The first Russian Antarctic Expedition remains relatively unknown in the English-speaking world. Occurring during what has become known as the Heroic Age of Polar Exploration, the discovery of Antarctica, and Roald Amundsen’s triumphal land journey to the South Pole in 1911, are subjected to an Anglophone preoccupation with ‘great explorers.’
To be sure, scientific goals, particularly in the fields of geology and palaeontology, were and are motivations for exploring Antarctica. The nineteenth century witnessed a number of scientific paradigmatic revolutions; studying the Earth’s strata, fossils and geological features were no longer constrained by creationism. Massive change in the Earth’s continental history, including changes in life forms, was just beginning to be understood.
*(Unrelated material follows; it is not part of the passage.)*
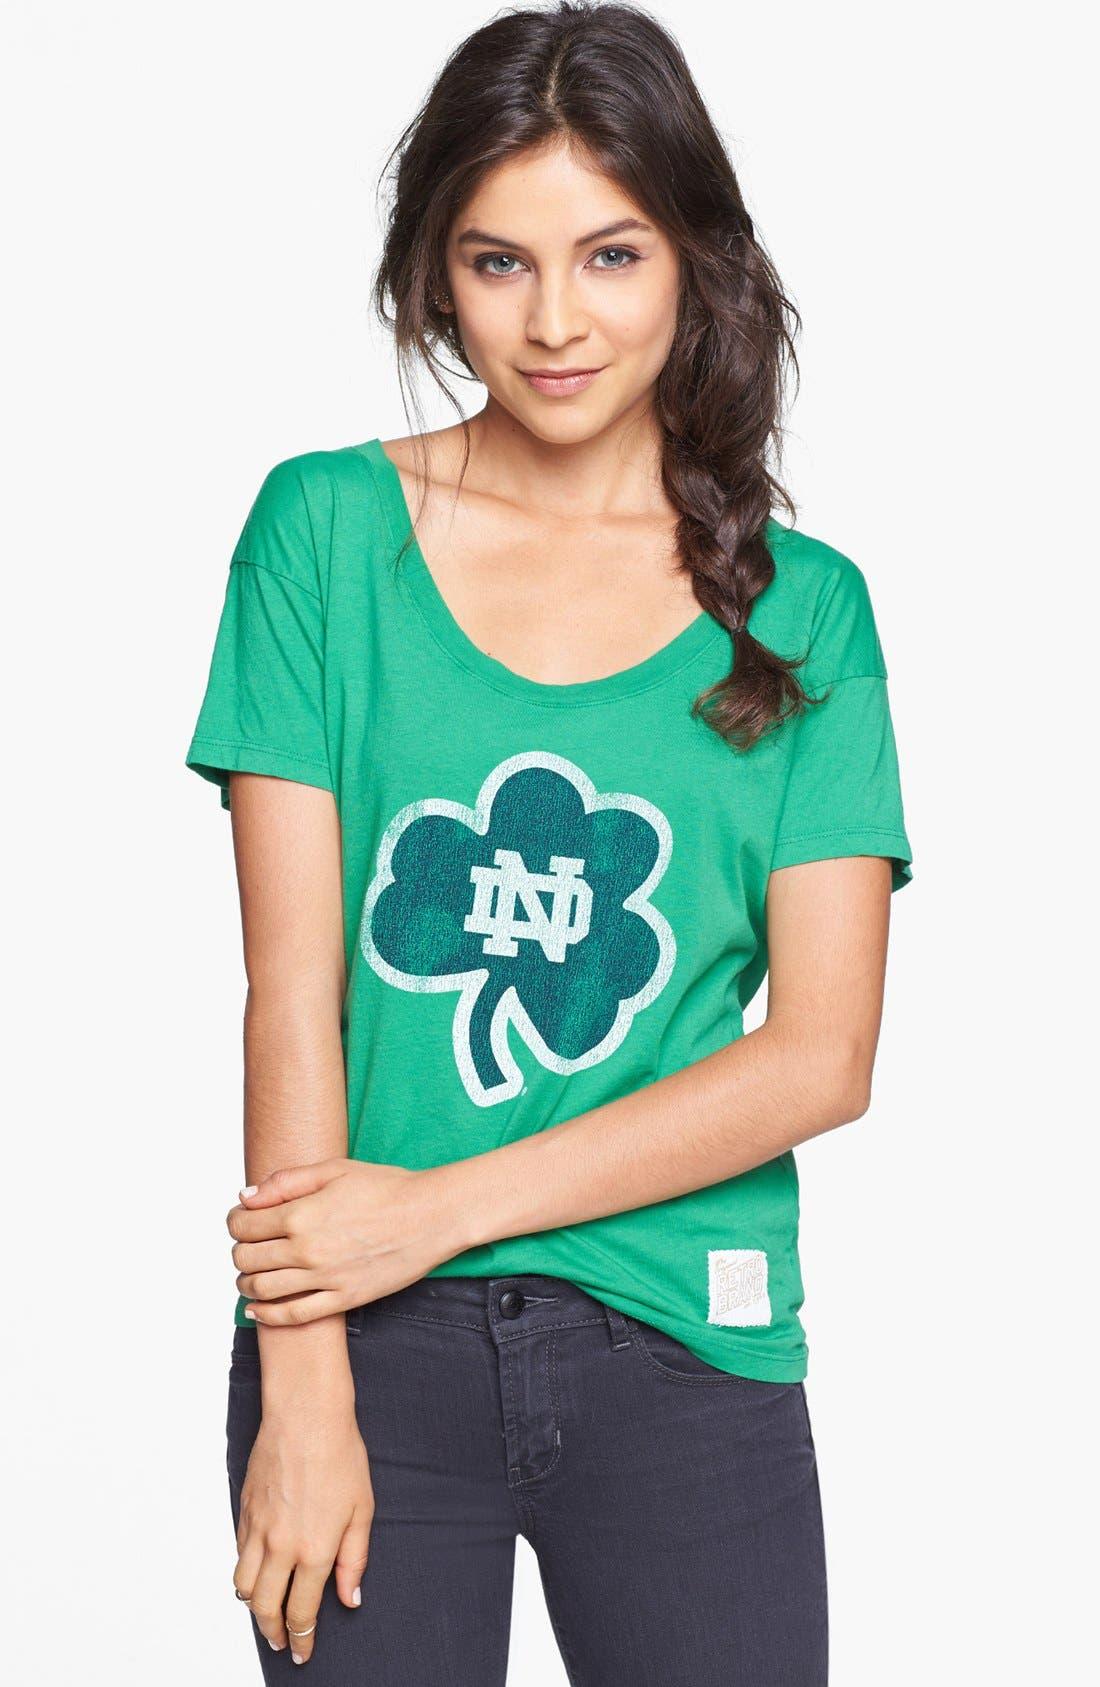 Alternate Image 1 Selected - Retro Brand 'University of Notre Dame Fighting Irish' Graphic Tee (Juniors)
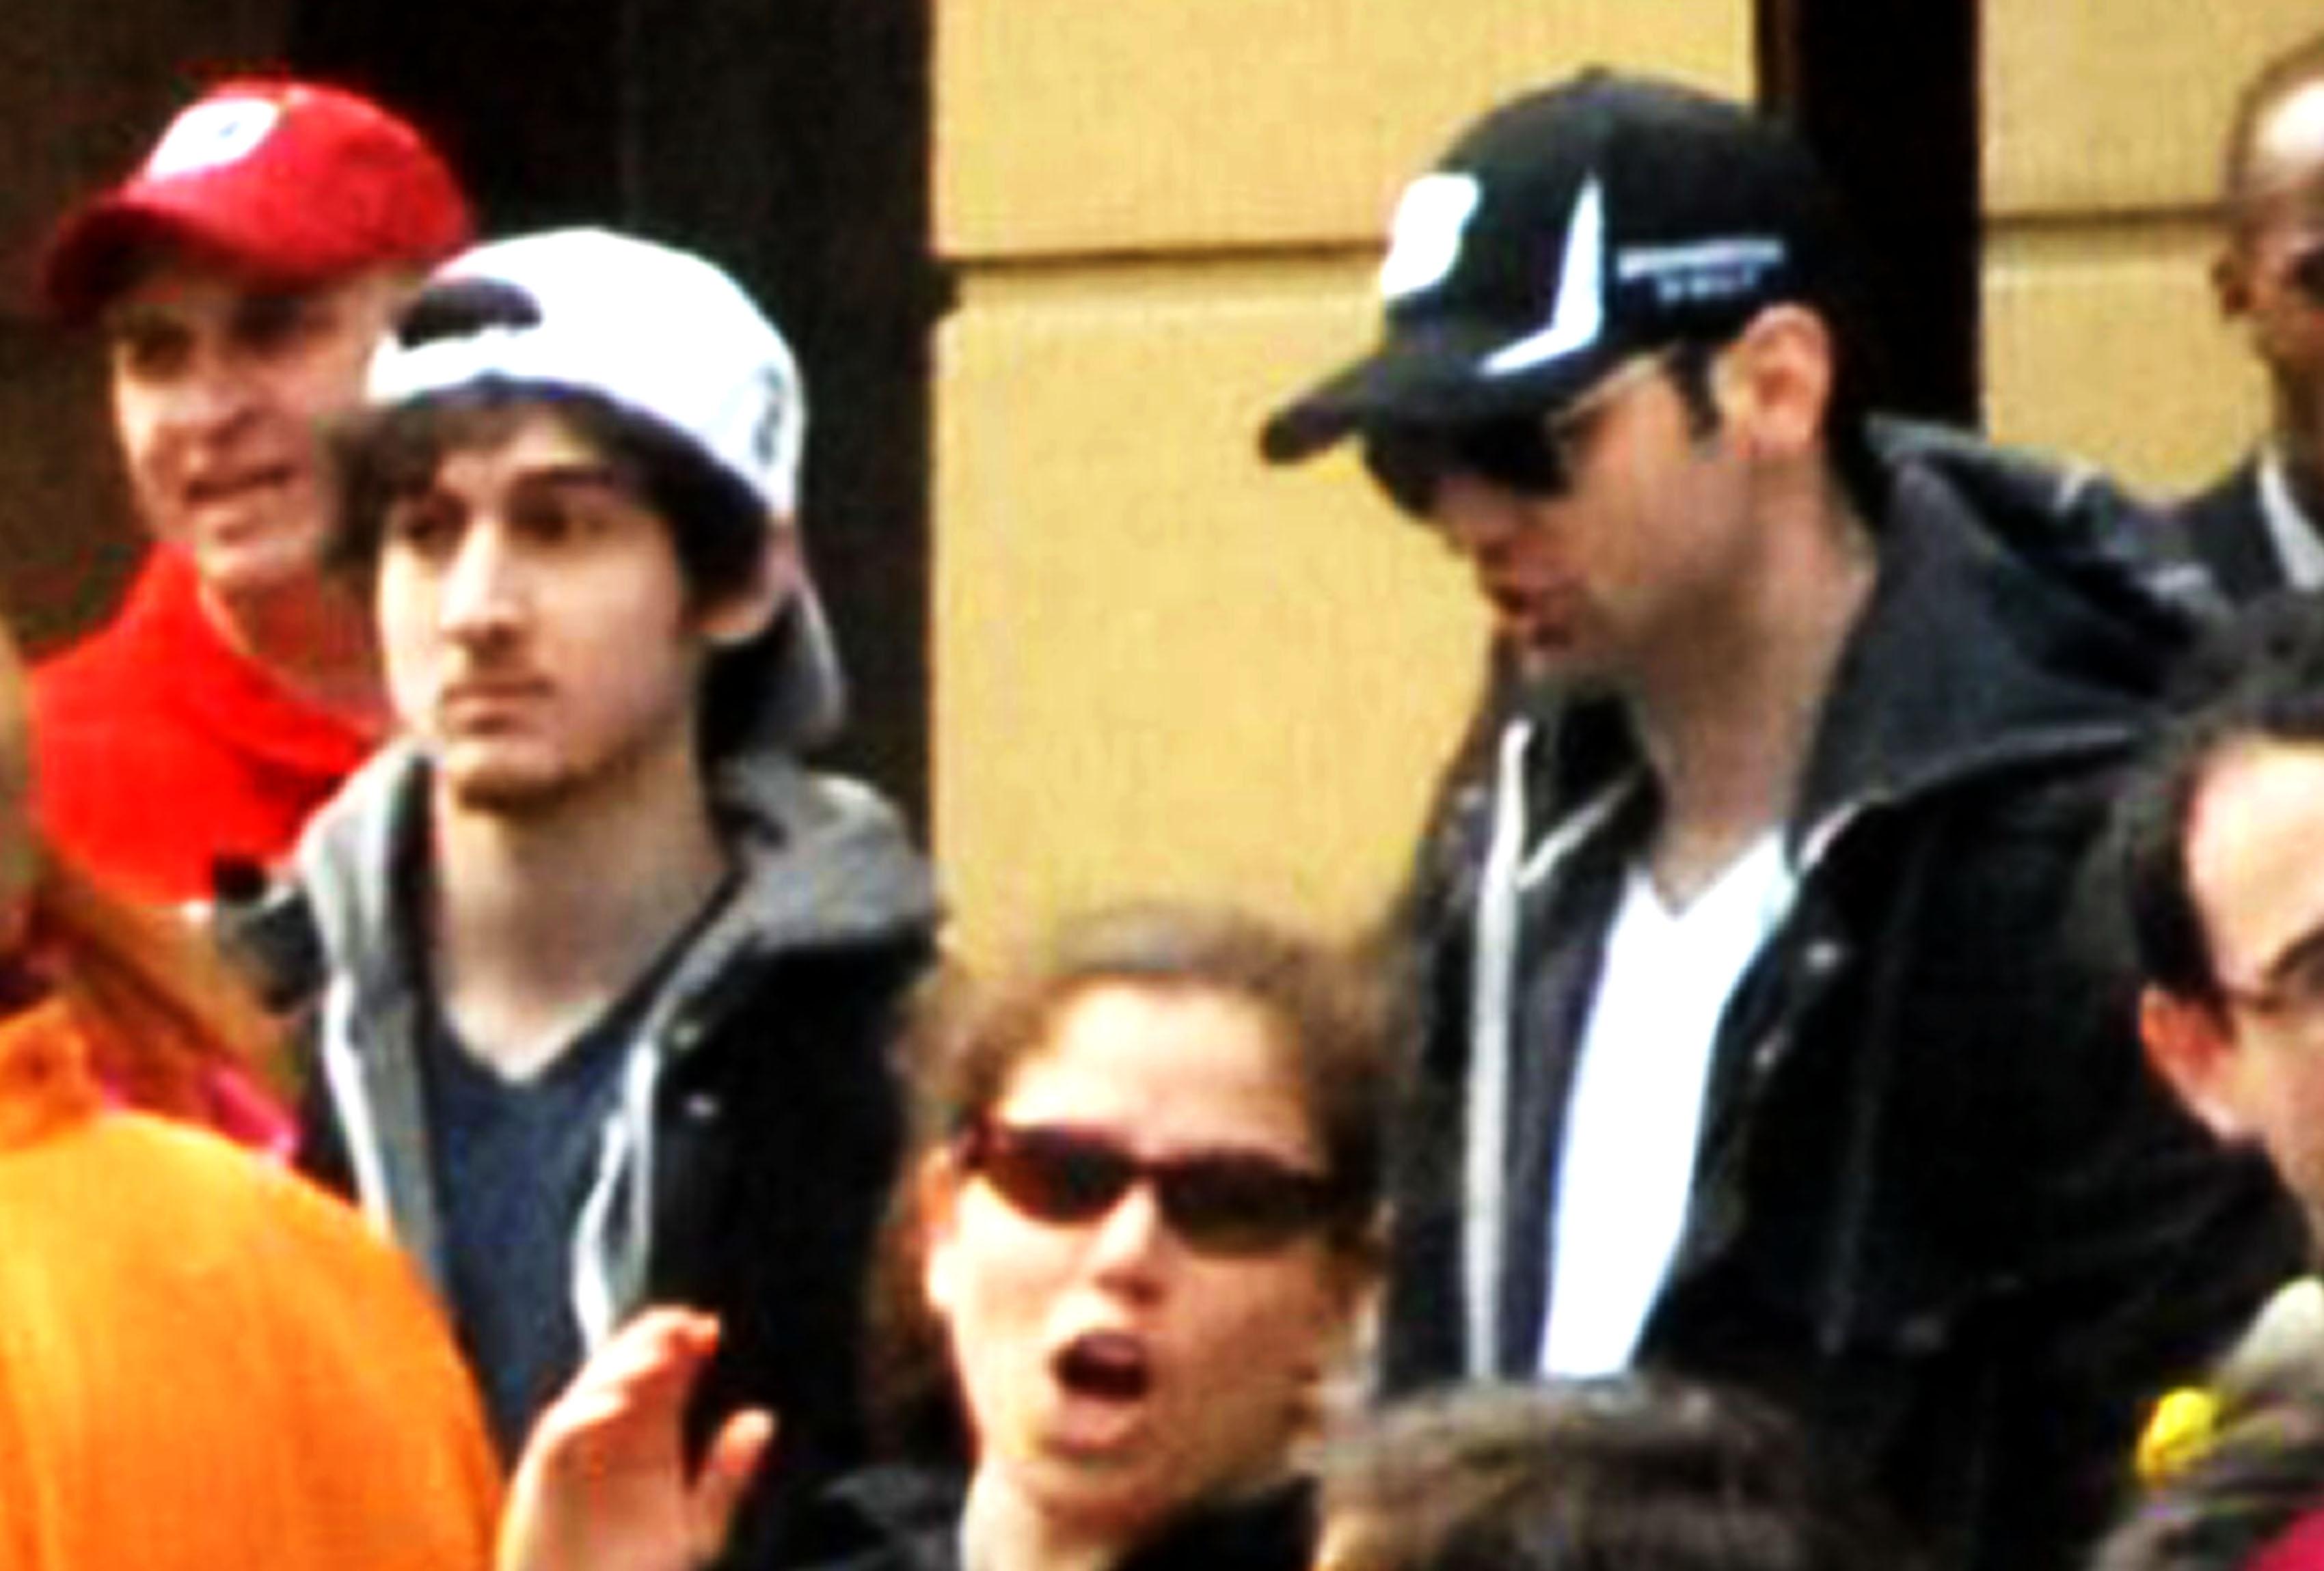 Tsarnaev Brothers at the Boston Marathon

Georges Cuvier (1769 – 1832), the preeminent naturalist of his time, established extinctions as a recurring event in geologic history, opening up the field of fossil collecting as evidence of changes in the natural world over time. Roderick Murchison (1792 – 1871), extending Cuvier’s work, elaborated the geologic timescale. The Earth’s natural history was no longer considered an immutable product of god’s creation, but an ever-changing product of biological and geologic forces. Antarctica, the unexplored continent, opened up new possibilities.
The heroic yet ultimately unsuccessful expeditions to the South Pole led by Robert Falcon Scott and Ernest Shackleton have entered the Anglocentric lore of ‘great explorers’. The equally heroic and triumphant expedition of Norwegian Roald Amundsen – he arrived at the South Pole by overland journey in December 1911 – received a lukewarm reception in England and the commonwealth nations.
Scott, who died in Antarctica in 1912, has become something of a martyr – overshadowing Amundsen’s victory in the race to the South Pole. News of Amundsen’s triumph was greeted in moderate, measured tones in the British media. Scott, in posterity, was portrayed as the consummate gentleman, playing by the rules.
Amundsen, by contrast, had unfair advantages, according to the English media establishment. Amundsen used dogs for haulage, unlike Scott who relied on ponies. Dogs do not have sweat glands, making them more resilient in the harsh cold weather, it was opined. In the case of Shackleton, his courage and endurance is emphasised – and his personality is humanised with descriptions of his ‘heartbreak’ at seeing his beloved ship, Endurance, sink into the icy waters.
It is time to enforce international treaty obligations in protecting the Antarctic environment. As for Captain Cook – his statue belongs in a museum.